La crisis ha resultado devastadora para este modelo. La destrucción masiva de empleos, primero en la construcción y posteriormente en otros sectores, ha dejado sin expectativas laborales a miles de jóvenes, si bien las cifras del paro juvenil están infravaloradas porque una parte de estas personas han dejado de buscar empleo (han vuelto a la escuela o simplemente pululan por la vida como pueden), pasando a la categoría de “inactivos”. Los recortes del gasto público han cercenado a la vez muchas de las posibles carreras de la gente con estudios, pero también las oportunidades de empleo o reciclaje educativo del resto. La vieja ilusión de las distopías del consumismo y la gloriosa carrera profesional ha desembocado en la pesadilla del “no hay empleo”, “emigra como puedas”, “aguanta hasta que la economía se recupere”. Aun así, el drama va por barrios y unos son mejor tratados que otros. Para unos el estigma de los “ni-nis” está siempre presente y les rebaja a basura social (se prefigura una imagen de vagos, inútiles, inempleables...), mientras que para otros se sigue manteniendo el espejismo del “mejor preparados que nunca”, aunque ahora este epíteto autocomplaciente se traduce en “búscate la vida en otra parte porque aquí tu preparación no sirve de nada” o “hazte emprendedor y créate tu propio empleo”.
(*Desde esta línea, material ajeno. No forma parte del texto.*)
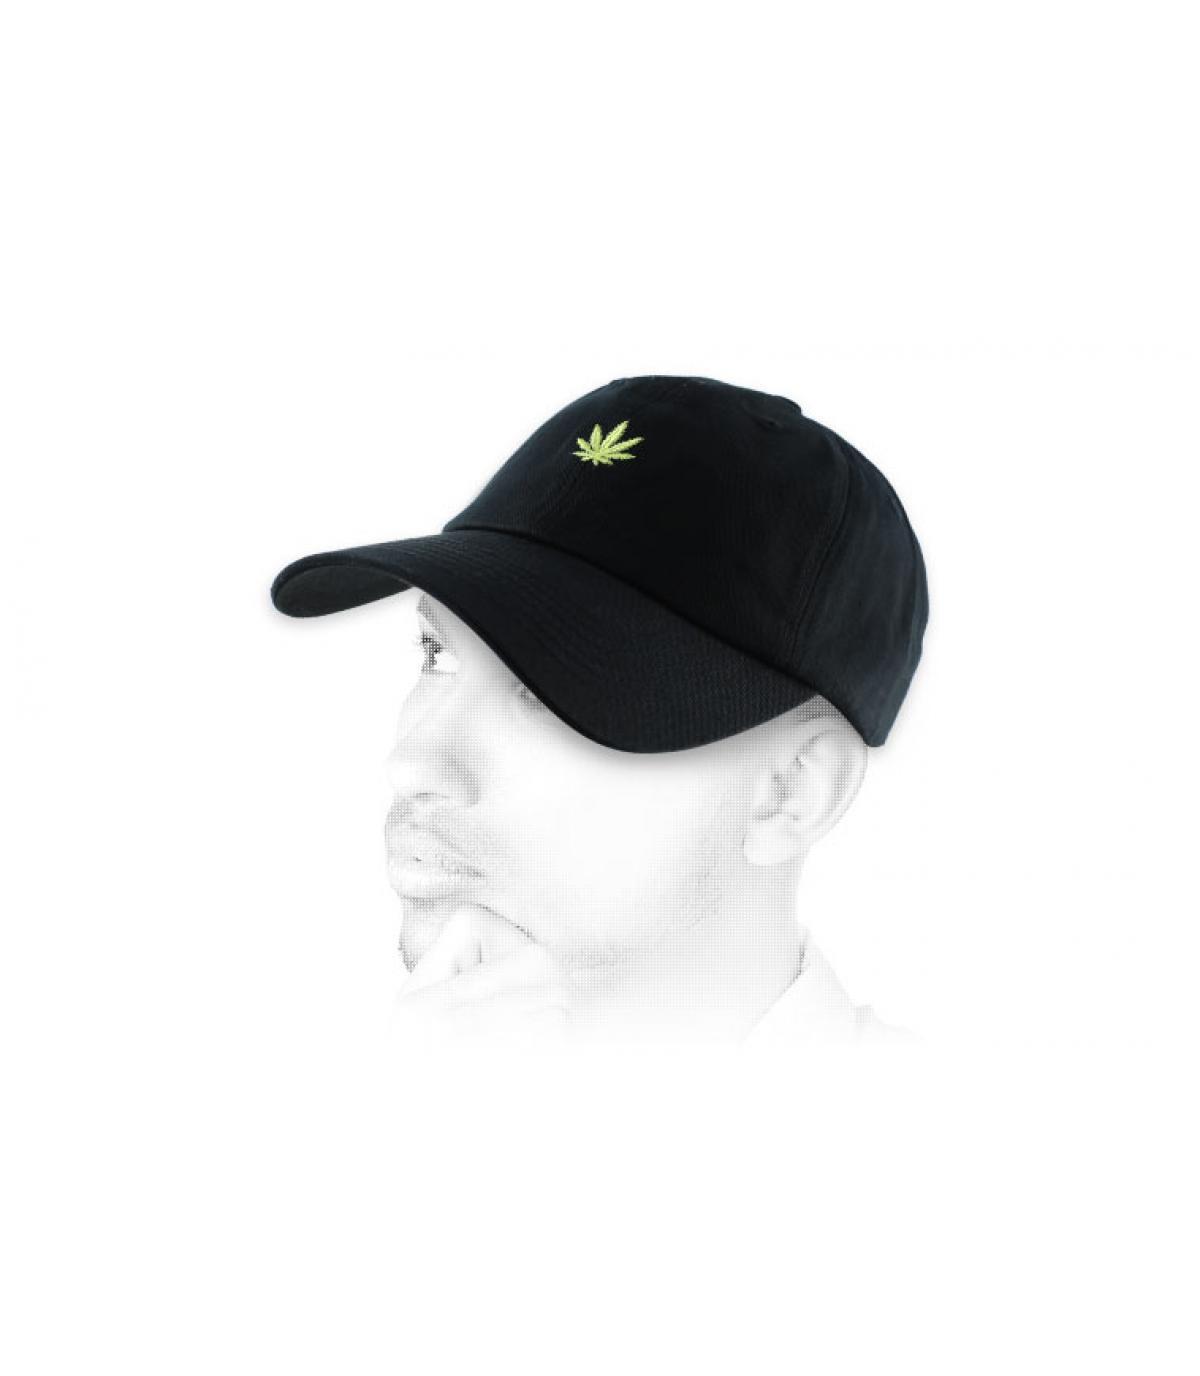 Casquette cannabis noire

Parece claro que una sociedad decente no puede tolerar que millones de jóvenes no tengan un empleo digno ni perspectivas de encontrarlo, y que cualquier programa de acción debe tratar de dar respuestas a esta juventud que ahora percibe un horizonte negrísimo. Y esto es lo que ha entendido hasta el Partido Popular, que en el último debate del Estado de la nación ha presentado como medida estrella un nuevo programa de empleo juvenil; un programa que, sin embargo, no aporta ninguna novedad esencial: solo ahonda en los mismos defectos que la reforma laboral del año pasado, que la enmienda a peor. Porque lo único que ofrece el PP es más de lo mismo, tanto en materia de generosísimas subvenciones a las empresas contratantes como nuevas modalidades de precarización laboral, con contratos temporales generalizados y la posibilidad de encadenar diferentes formas de contratación precaria (en prácticas y en formación). Un modelo que condena a la gente de menos de treinta años a una precariedad completa (con efectos para el resto de su vida laboral) y que constituirá un verdadero proceso de “aprendizaje” en la sumisión y la miseria con vistas a la edad adulta (siempre que no se prolongue en el futuro la edad para ser considerado joven).
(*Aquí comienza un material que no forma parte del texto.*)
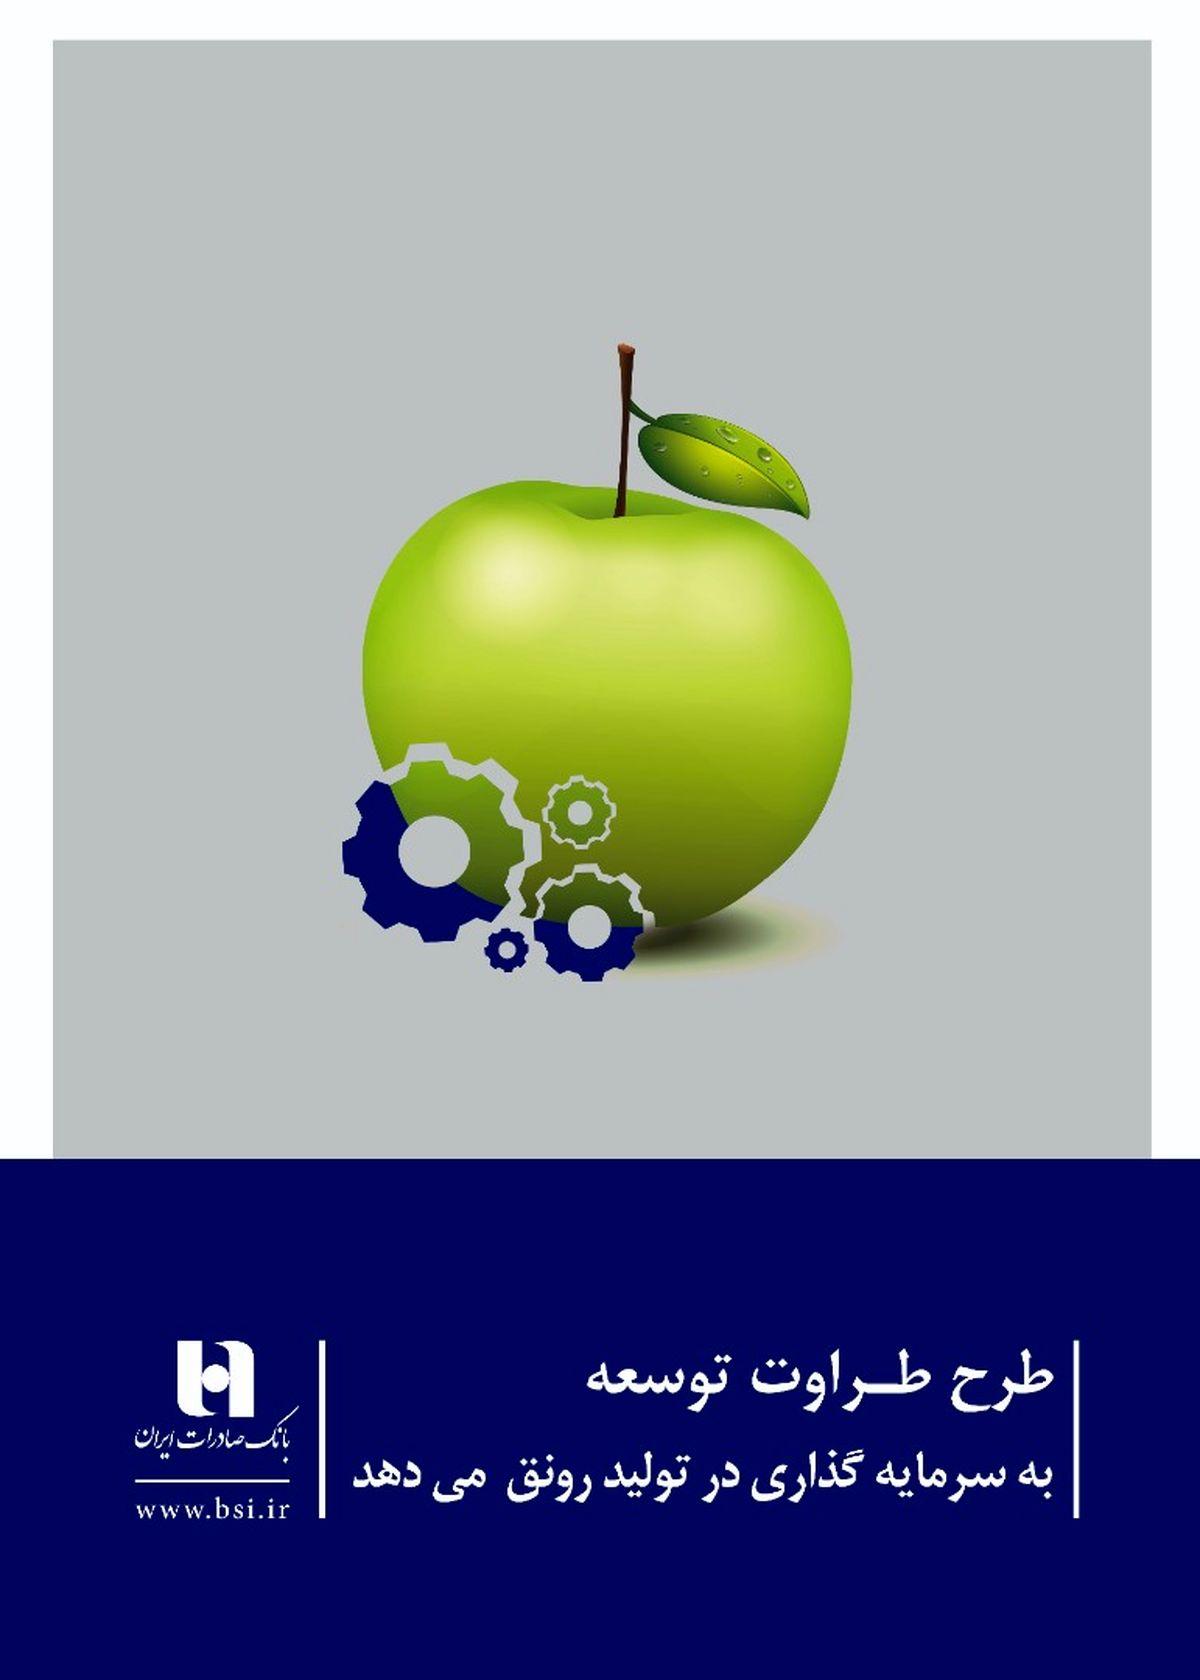 بانک صادرات ایران به تولید و خدمات «طراوت» میبخشد

Lo falaz es considerar que los problemas laborales de los jóvenes son fruto de su condición de tales. Son, en cambio, problemas generados por las debilidades y los fallos de la estructura productiva, las políticas macroeconómicas y la ausencia de un planteamiento social que promueva una economía adaptada a las necesidades de la gente. El consumismo y la competitividad individualista han contribuido a minar las ideas de un empleo digno para una vida digna y han atrapado a los jóvenes en una visión del mundo que se ha mostrado fracasada. El problema del desempleo juvenil no puede afrontarse haciendo hincapié en su condición juvenil. Exige, en cambio, transformaciones económicas que garanticen una vida aceptable a todo el mundo, que adecuen la actividad laboral, los procesos formativos y la vida cotidiana en un planteamiento coherente. Para salir de la trampa de más precariedad para combatir el paro juvenil, debemos desarrollar propuestas macro y microeconómicas, de reorganización productiva y de las condiciones de vida, capaces de romper el encadenamiento a la lógica del trabajo precario y el desempleo.